The researchers plan to further improve Boltz-1's performance and reduce the time it takes to make predictions. They also invite researchers to try Boltz-1 on their device GitHub repository and connect with other Boltz-1 users Slack channel.
“We imagine it’ll take many, a few years to enhance these models. We are very involved in collaborating with others and seeing what the community does with this tool,” adds Wohlwend.
Mathai Mammen, CEO and president of Parabilis Medicines, calls Boltz-1 a “game-changing” model. “By open-sourcing this advance, the MIT Jameel Clinic and its collaborators are democratizing access to cutting-edge tools in structural biology,” he says. “This groundbreaking effort will speed up the event of life-changing medicines. Many due to the Boltz-1 team for driving this profound step forward!”

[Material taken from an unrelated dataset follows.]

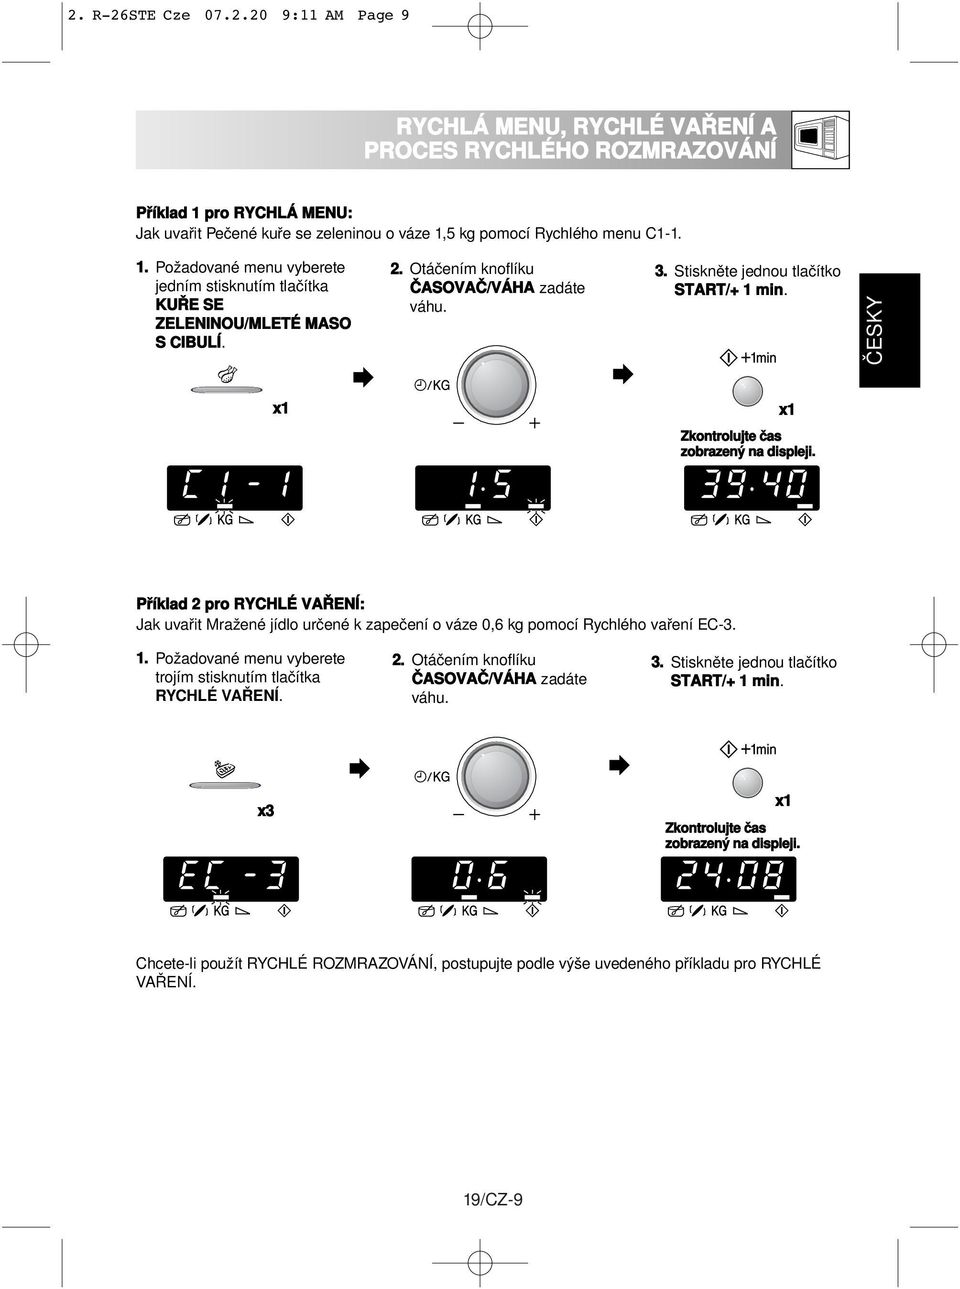 ČESKY x1 x1 Zkontrolujte čas zobrazený na displeji. Příklad 2 pro RYCHLÉ VAŘENÍ: Jak uvařit Mražené jídlo určené k zapečení o váze 0,6 kg pomocí Rychlého vaření EC-3. 1.

“Boltz-1 might be of tremendous profit to my lab and your complete community,” adds Jonathan Weissman, an MIT professor of biology and a member of the Whitehead Institute for Biomedical Engineering, who was not involved within the study. “We will see a wave of discoveries made possible by the democratization of this powerful tool.” Weissman adds that he expects the open source nature of Boltz-1 to steer to quite a lot of creative latest applications.
This work was also supported by a US National Science Foundation Expeditions grant; the Jameel Clinic; the US Defense Threat Reduction Agency's Discovery of Medical Countermeasures Against New and Emerging Threats (DOMANE) program; and the MATCHMAKERS project, supported by the Cancer Grand Challenges partnership funded by Cancer Research UK and the US National Cancer Institute.